现在我麾下士兵的武器装备就大多来自魔属联军,在土城之战中还缴获了很多魔属联军的军旗,所有的马匹更是魔属联军的财产,打扮起来活灵活现。遇到亲近行省的军队时,我的情报系统会提前通知他们,当遇到叛军时就杀气腾腾的冲过去!
而在叛军那边,一来他们早被魔属联军杀破了胆,二来更被我们这支“魔属联军”破坏协定杀人神属联盟的事实所震慑,三来斯比亚帝国也不是他们值得用性命去守护的国土……所以他们在更多的时候是选择放弃与我们的战斗,就算有抵抗也是象征性的。我这一招,效果居然出奇的好!我们本来就是斯比亚帝国的军队,对国内的情况非常熟悉。

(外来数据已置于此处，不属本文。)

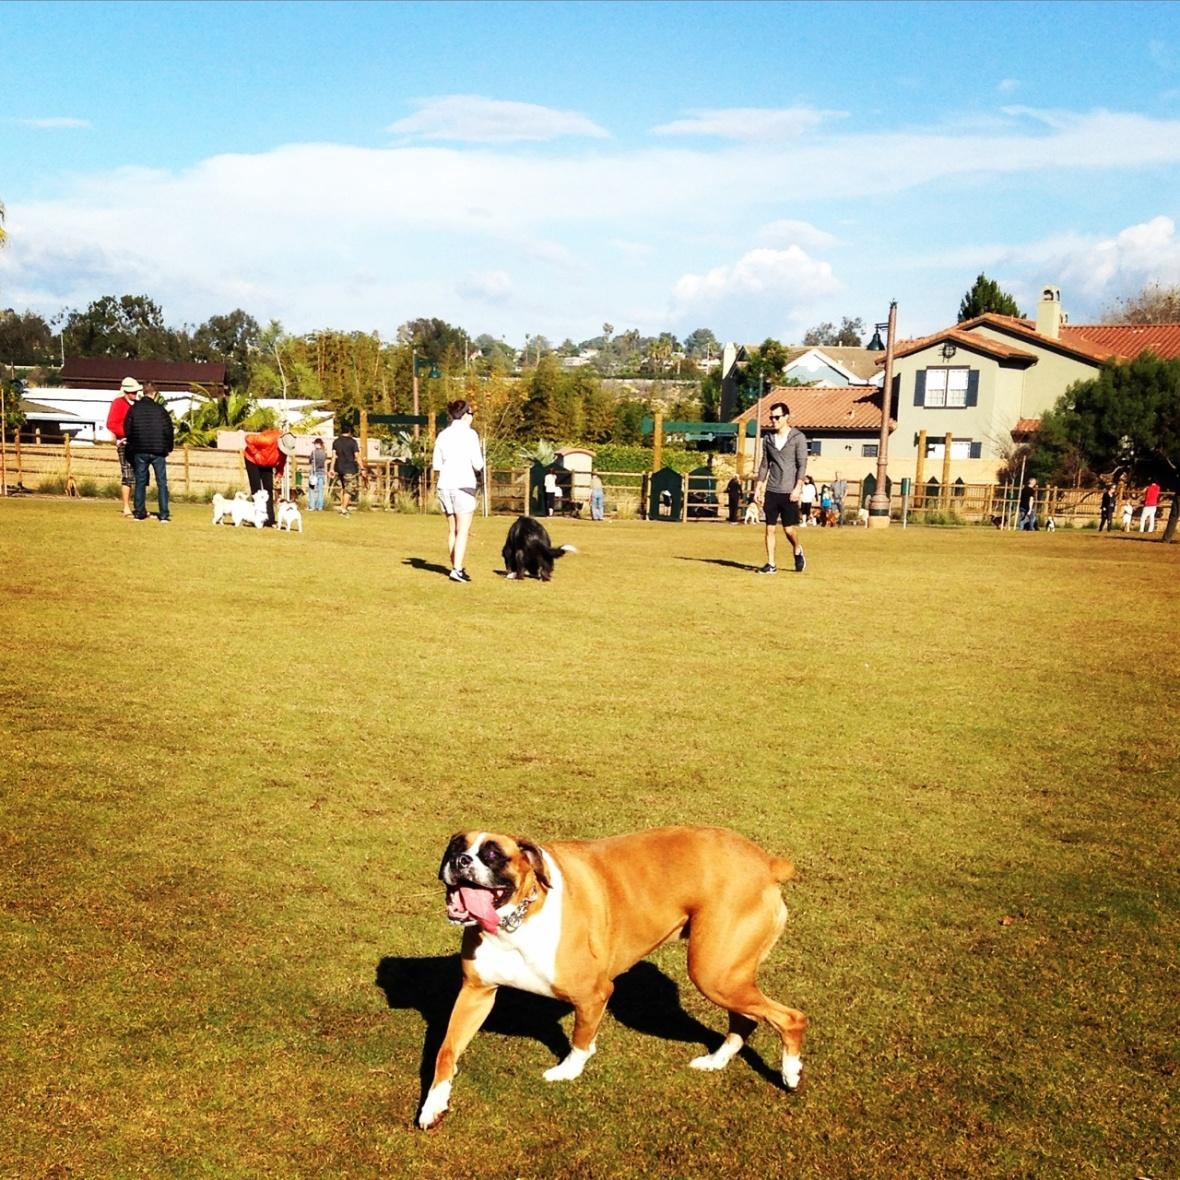 encinitas-dog-walkers-get-new-park
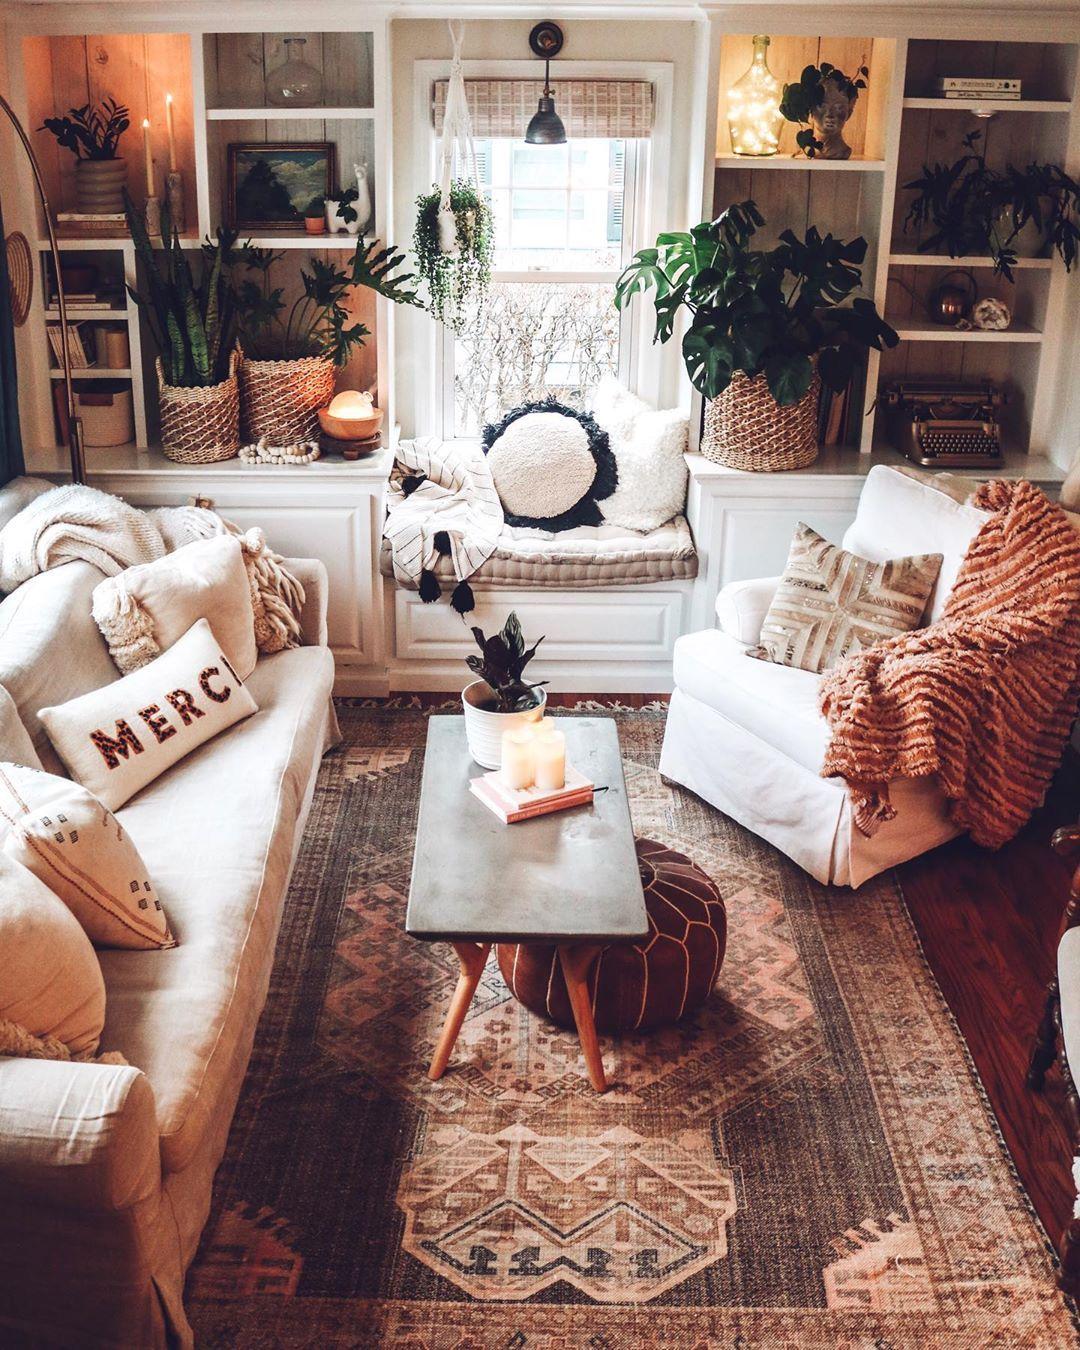 Brooke Christen On Instagram January Living Room Look I Actually Wasn T Feeling Inspired To Take Down Chri Living Room Warm Home Decor Hygge Living Room

哪里有军需仓库、哪里分布著草场,我们就在哪里稍事停留。所有的部队连轴儿转,前卫部队在第六天下午已经抵达距离圣都四百里处。
这速度相当惊人,我们在六天的时间里从国境直达内陆,行进了差不多一千两百里!
而当天晚上,有关圣都叛乱的第一份情报就传回来了。
看到玛法的双眼隐含泪光,我差一点就从马背上栽下来。
“老大,圣都……已经不再是我们的了。”玛法以少有的沉痛口气说:“克里默。夏麦陛下和纳舍尔。福纳皇后已经在前天黎明时殉国!”
“你确定?”听到这样的话,我整个人呆住了,好半天才反应过来:“菲谢特呢?!”
“陛下夫妇的消息是确定的……但菲谢特殿下不知所踪,有传闻说他在圣都叛乱前离开了。”
我尽力控制自己的情绪,深吸一口气,放松握成拳的双手,问玛法:“主持叛乱的是谁?”
“是左相!左相鲁曼带著部队杀进了王宫……不知道是哪里来的部队,战斗力相当强悍,此外进攻圣都的还有其他帝国的军队。
“鲁曼……他还有什么动作?”
“他在圣都局势稍定的第二天,前后派了几支部队出圣都,方向一致。”
“他会在这个时候派兵出去?”我用力的拍打了一下脑袋:“难道是去抓菲谢特的?!”
“是的……我也是这样想。”玛法回答我说:“那我们是否要更改行军的路线呢?菲谢特在接到圣都叛乱后会有什么反应?我担心他会掉头回去找左相拚命!”
“我们应该相信菲谢特,他不是一个冲动的人,况且还有威伯和特纳西两位大叔在他身边,这两位大叔是不会让菲谢特蛮干的……”我紧握著手中的刀柄,考虑再三才说:“我们现在去圣都已经没有意义,应该立即掉转方向……我带第一军团绕过圣都,顺著圣都到暗月的路杀过去!你去告诉海尔特,要他的第二军团在圣都外打探菲谢特的消息并骚扰叛军,务必要在这几日内让圣都的叛军收缩不出,一切都以菲谢特的安全为目的!”是!”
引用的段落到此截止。